Let’s look at our survey data:

# Look at the first few rows of each dataset
head(survey_data1)
head(survey_data2)

Both datasets have a RespondentID column that we can use to match rows between the datasets. However, not every respondent appears in both datasets:

# Which respondents are only in dataset 1?
survey_data1 |>
  filter(!RespondentID %in% survey_data2$RespondentID) |>
  pull(RespondentID) |>
  length()
[1] 13
# Which respondents are only in dataset 2?
survey_data2 |>
  filter(!RespondentID %in% survey_data1$RespondentID) |>
  pull(RespondentID) |>
  length()
[1] 0

There are four main ways to join datasets:

  1. Inner join: Keep only rows that match in both datasets
  2. Left join: Keep all rows from the first dataset, add matching data from the second
  3. Right join: Keep all rows from the second dataset, add matching data from the first
  4. Full join: Keep all rows from both datasets
# Inner join - only matching rows
inner_joined <- survey_data1 |>
  inner_join(survey_data2, by = "RespondentID")
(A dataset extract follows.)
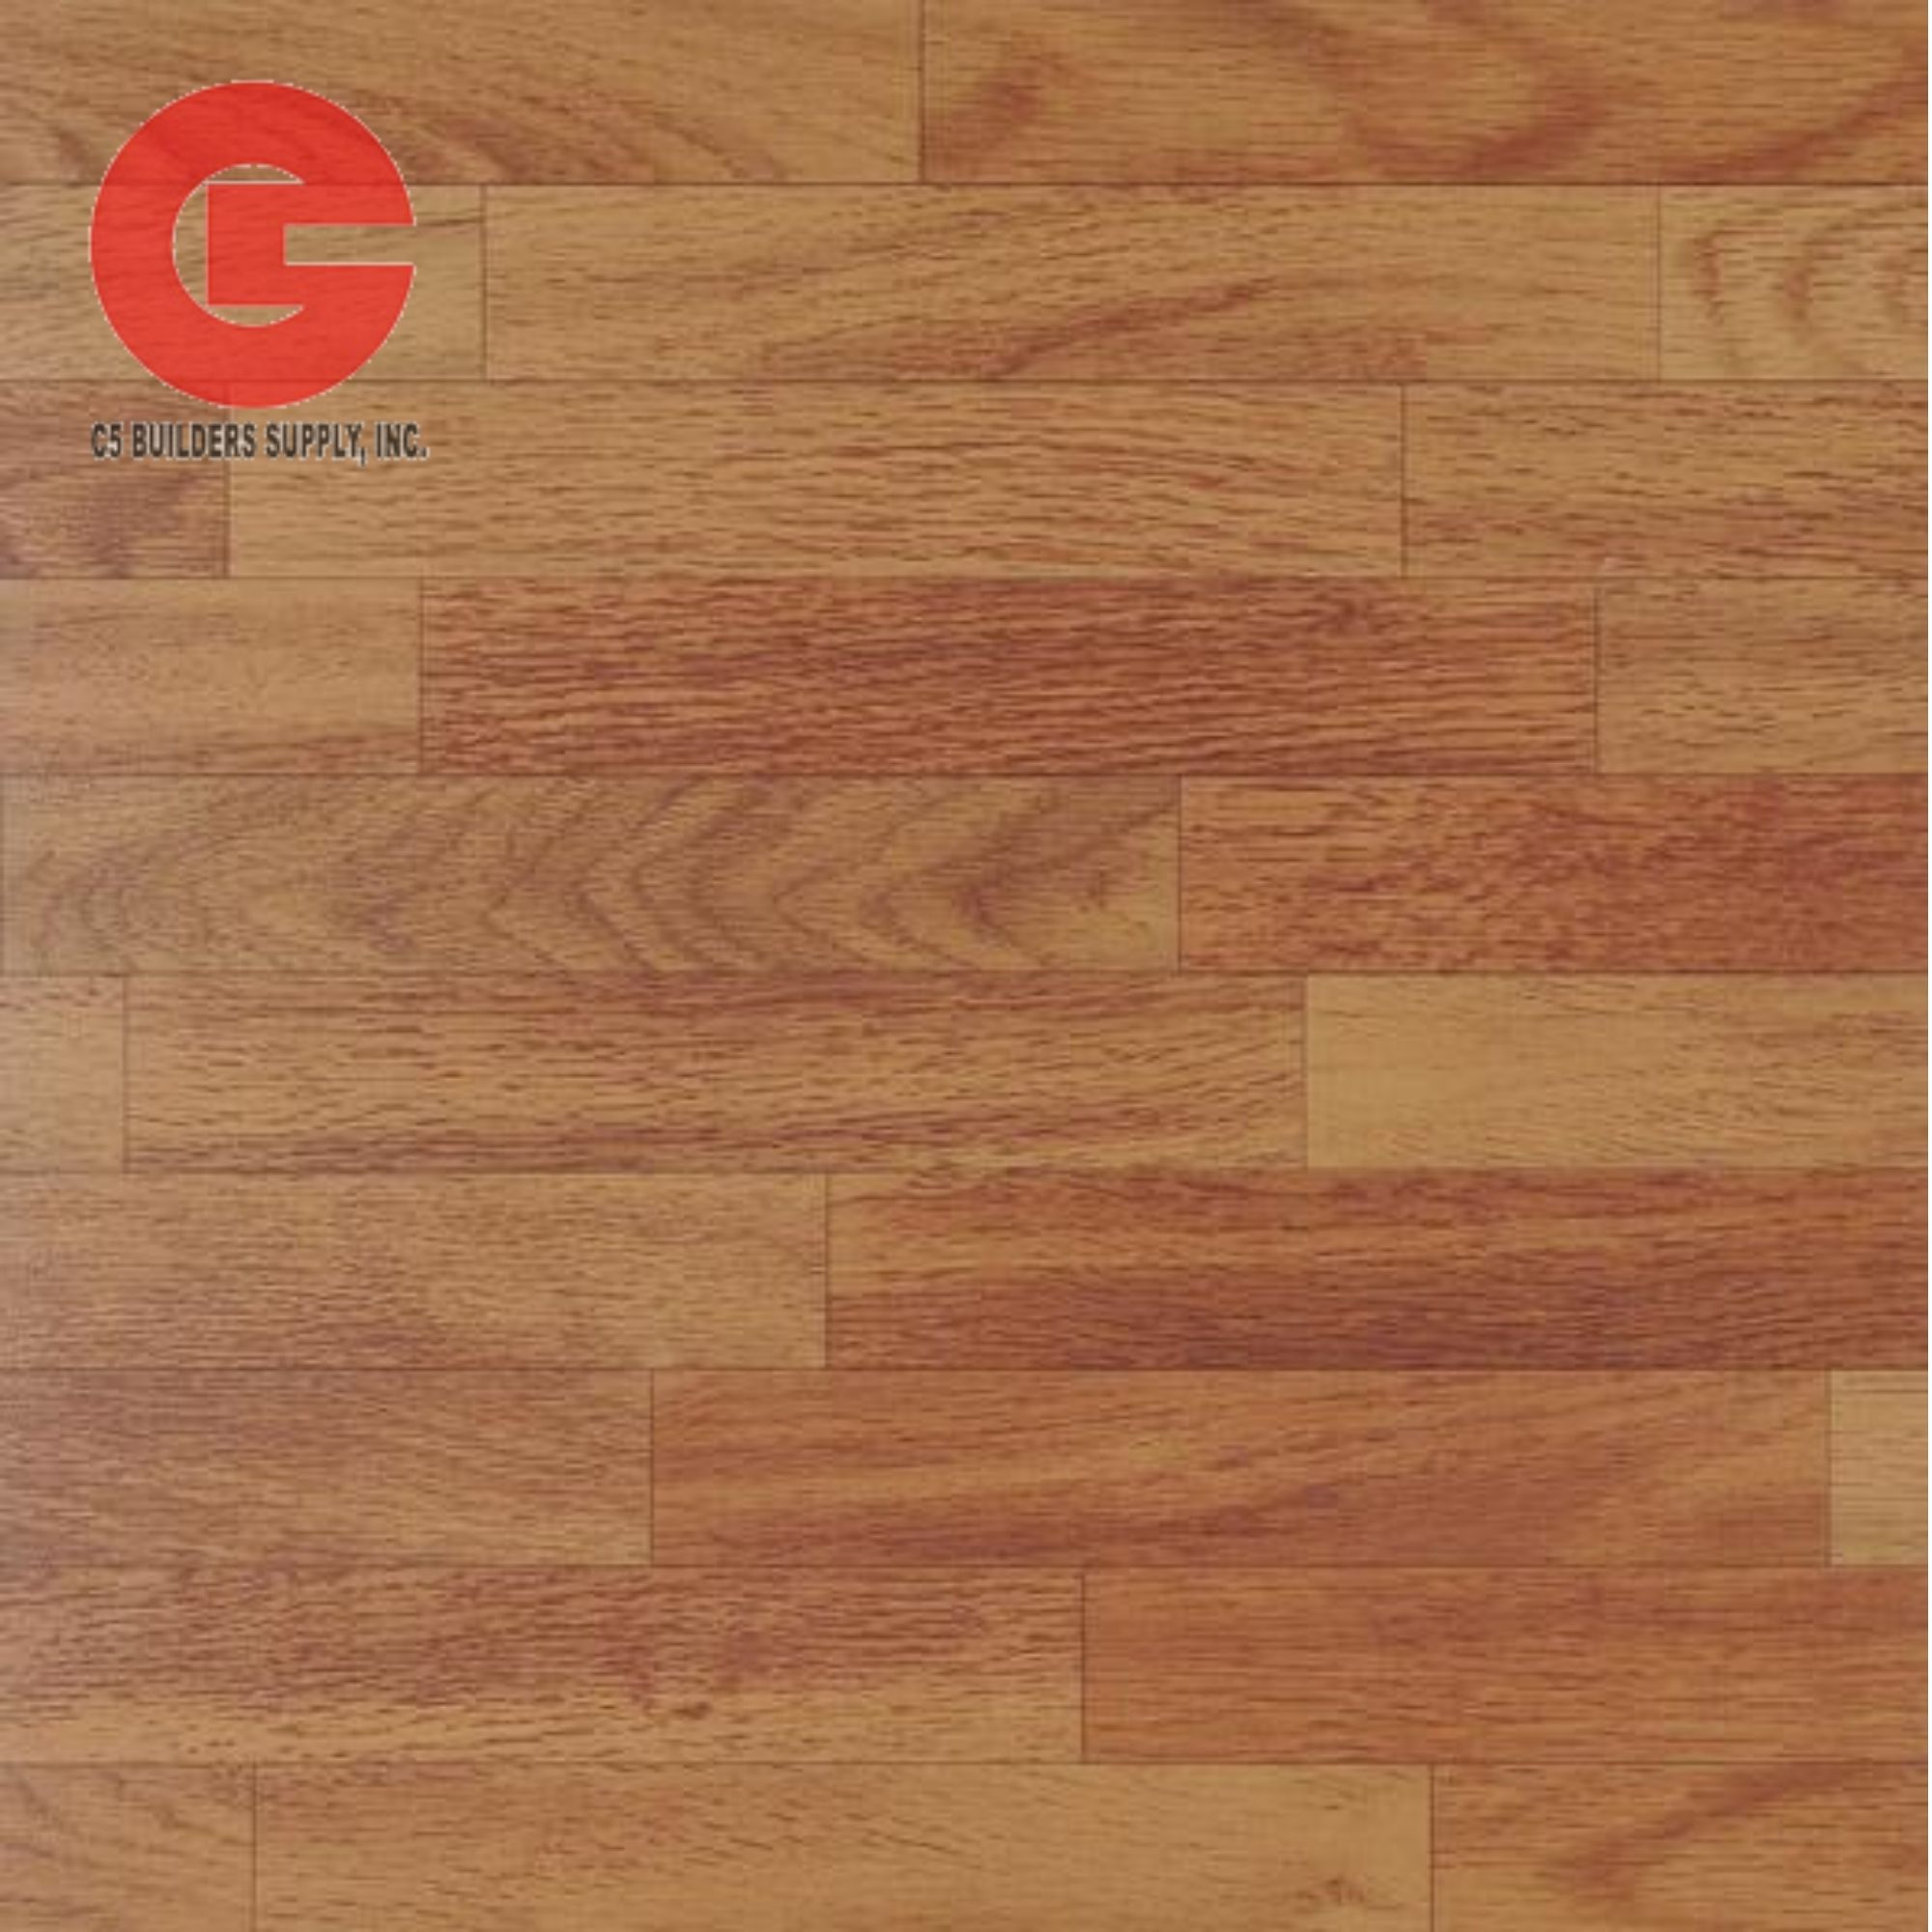 15pcs Kent Floors Pvc Vinyl Tiles 5745 30x30cm Lazada Ph
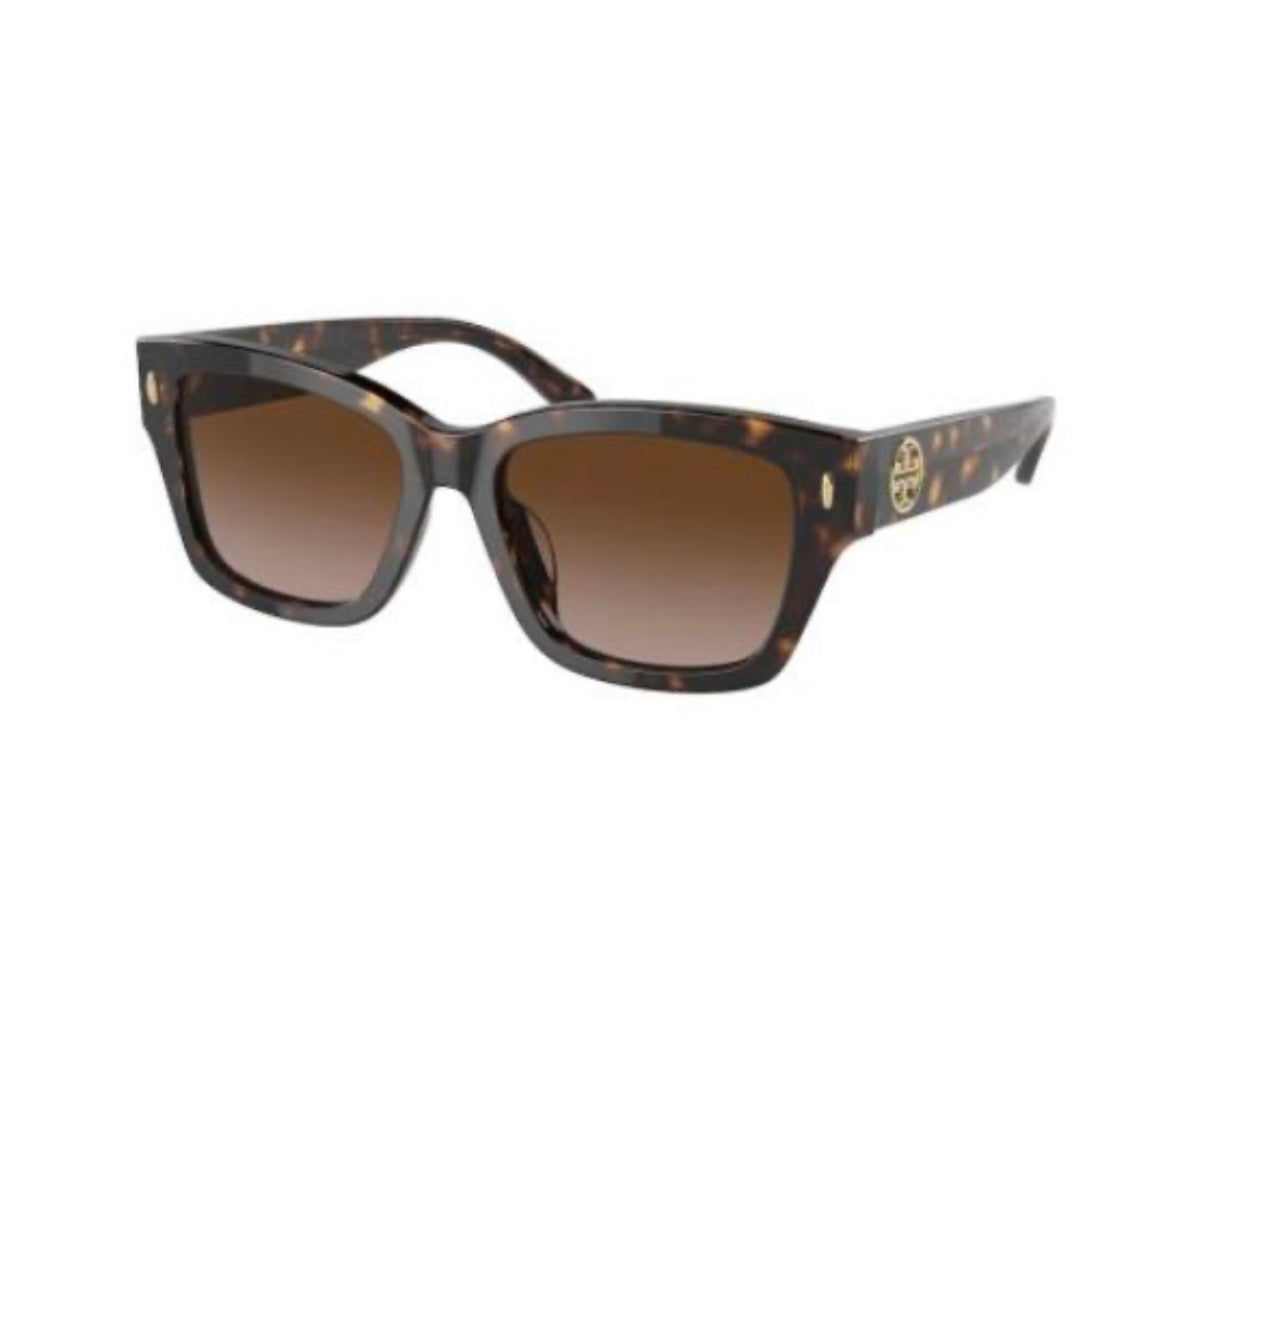 Tory Burch Women's sunglasses Dark Tortoise/Brown

# Left join - all rows from survey_data1
left_joined <- survey_data1 |>
  left_join(survey_data2, by = "RespondentID")

# Compare the number of rows
nrow(inner_joined)  # Fewer rows - only matching RespondentIDs
[1] 252
nrow(left_joined)   # Same number of rows as survey_data1
[1] 265

Usually, you’ll use left_join() to add information to your main dataset. Any respondents that don’t have matching data will get NA values in the columns from the second dataset. Take a look at left_joined to see what I mean.

End of Module 3

In this module, we’ve covered a lot of ground! You now understand how to:

  • Work with built-in datasets and create synthetic data for testing
  • Handle missing data with NA values
  • Load data from files and online sources
  • View and explore data in RStudio
  • Extract specific parts of your data using both base R and tidyverse approaches
  • Clean messy data and handle common data problems
  • Join datasets together using different types of joins

Congratulations on making it through the most challenging part! Data cleaning and preparation typically takes up most of our time in real-world analysis, but having these skills means you can work with almost any dataset in R and RStudio.

In the next module, we’ll focus on something more rewarding - creating high-quality figures and reports using R Markdown. You’ll learn how to present your analysis professionally and create reproducible documents that combine text, code, and visualizations.